See also: the difference between positive and normative; charitable interpretations; not jumping to conclusions; not yucking someone else's yum
* So preventable that I am questioning the wisdom of spending time with any communication technology that doesn't actively address these failures. There is no point at blaming individuals when such failures are a near statistical certainty.
[-]
- 47282847 2 hours ago ago
  I agree with your analysis but try to not agree with your conclusion, purely for my own metal hygiene: I believe one can retrain the pattern matching of one’s brain for happier outcomes. If I let my brain judge this as a “failure“ (judgment “it is wrong“), I will either get sad about it (judgment “… and I can’t change it“) or angry (… and I can do something about it“). In cases such as this I prefer to accept it as is, so I try to rewrite my brain rule to consider it a necessary part of life (judgment “true/good/correct“).
  [-]
  - xpe an hour ago ago
    Ah, in case it didn't come across clearly, my conclusion isn't to blame the individuals. My assessment is to seek out better communication patterns, which is partly about "technology" and partly about culture (expectations). People could indeed learn not to act this way with a bit of subtle nudging, feedback, and mechanism design.
    I'm also pretty content accepting the unpleasant parts of reality without spin or optimism.

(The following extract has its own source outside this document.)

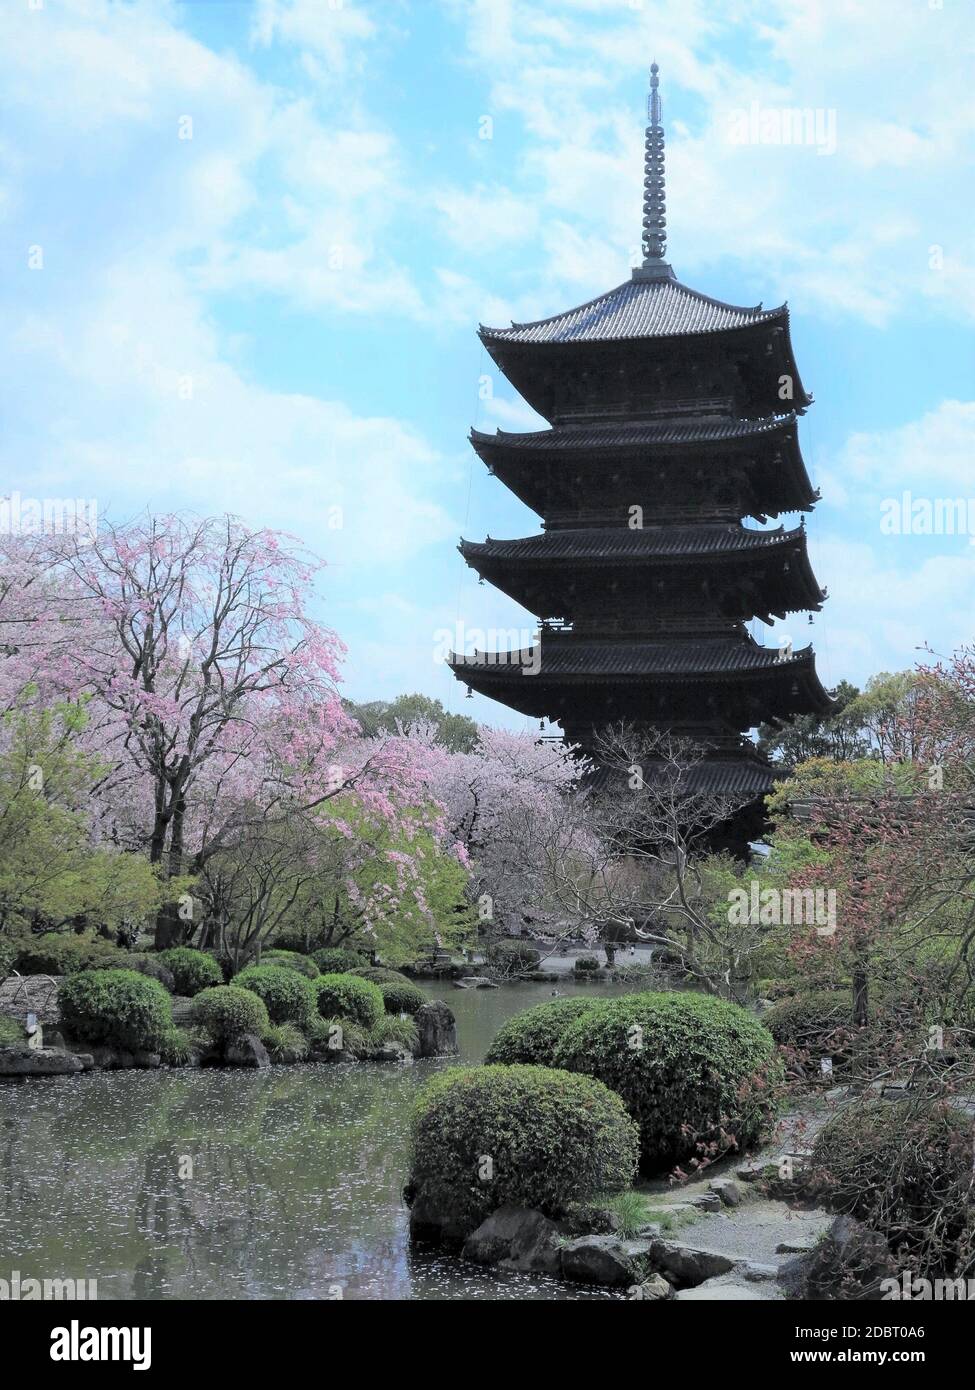 Toji-Tempel, Fünfstöckige Pagode, Kyoto, Japan. Weltkulturerbe. Stockfoto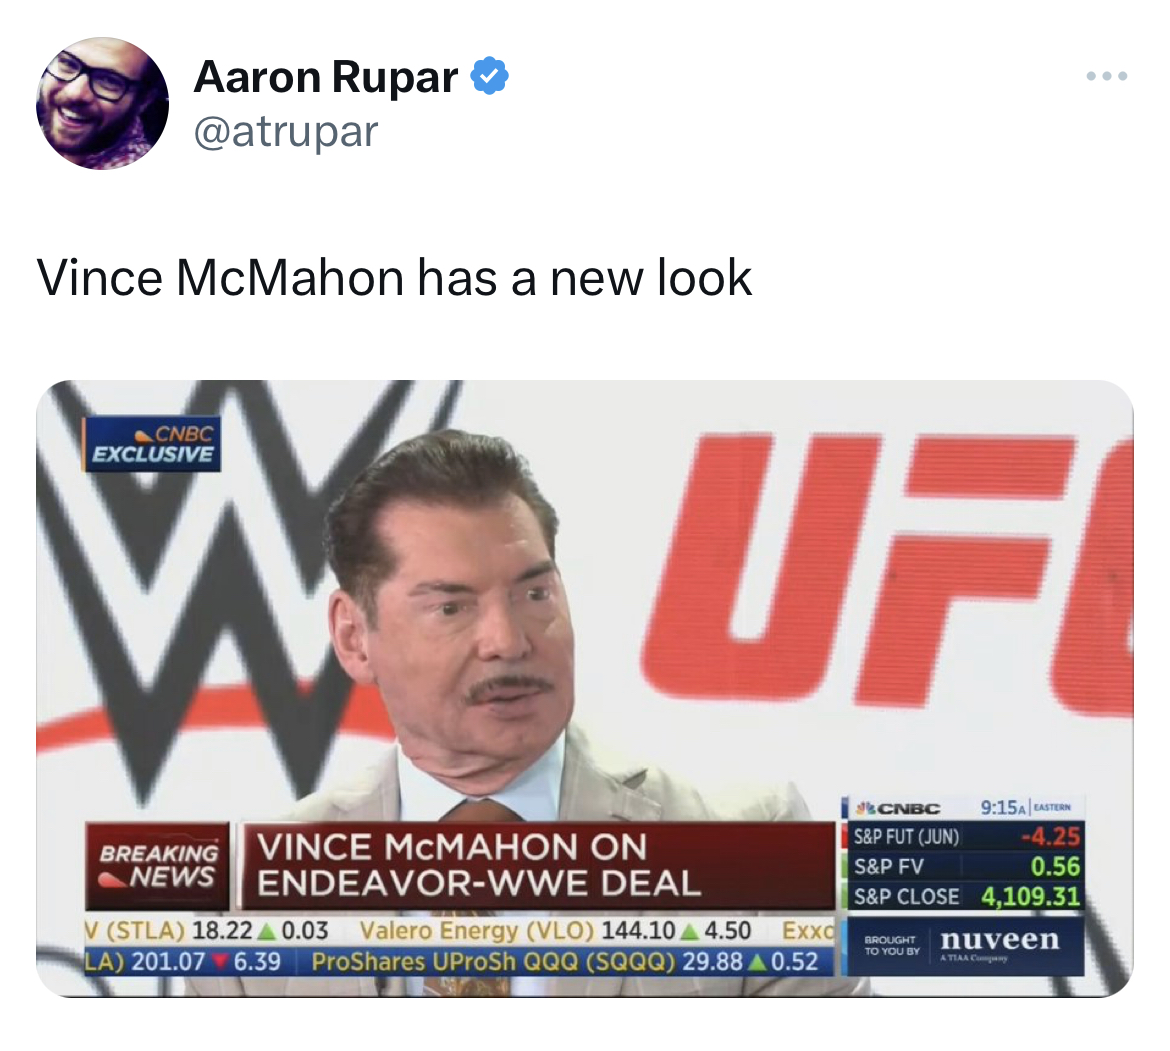 Vince McMahon Mustache memes - media - Aaron Rupar Vince McMahon has a new look Wuf Vince Mcmahon On EndeavorWwe Deal V Stla 18.22 0.03 Valero Energy Vlo 144.10 4.50 Exxc La 201.07 6.39 Pro UProSh Qqq Sqqq 29.88 A 0.52 Cnbc Exclusive Breaking News A Acnbc

Sometimes the better choice is still crappy, after all ;) I think Oliver Burkeman makes a fun and thoughtful case in "The Antidote: Happiness for People Who Can't Stand Positive Thinking" https://www.goodreads.com/book/show/13721709-the-antidote
gmerc 3 hours ago ago
Let's prompt inject it
matt3210 2 hours ago ago
Your content is stolen for training the moment you put it up
[-]
- prepend 10 minutes ago ago
  If I give my content away for free, it can’t be stolen.
  The point of putting up a public web site is so the public can view it (including OpenAI/google/etc).
  If I don’t want people viewing it, then I don’t make it public.
  Saying that things are stolen when they aren’t clouds the issue.
- jfindper 2 hours ago ago
  It is an _incredible_ stretch to frame certificate transparency logs as "content" in the creative sense.
  The whole purpose of this data is to be consumed by 3rd-parties.
  [-]
  - integralid an hour ago ago
    I don't see issue with OAI scraping public logs.
    But what GP probably meant is that OAI definitely uses this log to get a list of new websites in order to scrap then later. This is a pretty standard way to use CT logs - you get a list of domains to scrap instead of relying solely on hyperlinks.
  - advisedwang 25 minutes ago ago
    matt3210 clearly means that the content of the website (revealed by the CT log) is what is being stolen, not the data in the CT log
- 0xdeadbeefbabe 2 hours ago ago
  It would be funny if your content disappeared when it was stolen.
mxlje 3 hours ago ago
So? It’s public information and a somewhat easily consumable stream of websites to scrape, if my job was to scrape the entire internet I’d probably start there, too.
kirito1337 an hour ago ago
yawn, i saw this more than 1000 times
privacy doesnt exist in this world
[-]
- nephihaha 39 minutes ago ago
  Of course it doesn't exist if you keep handing it away.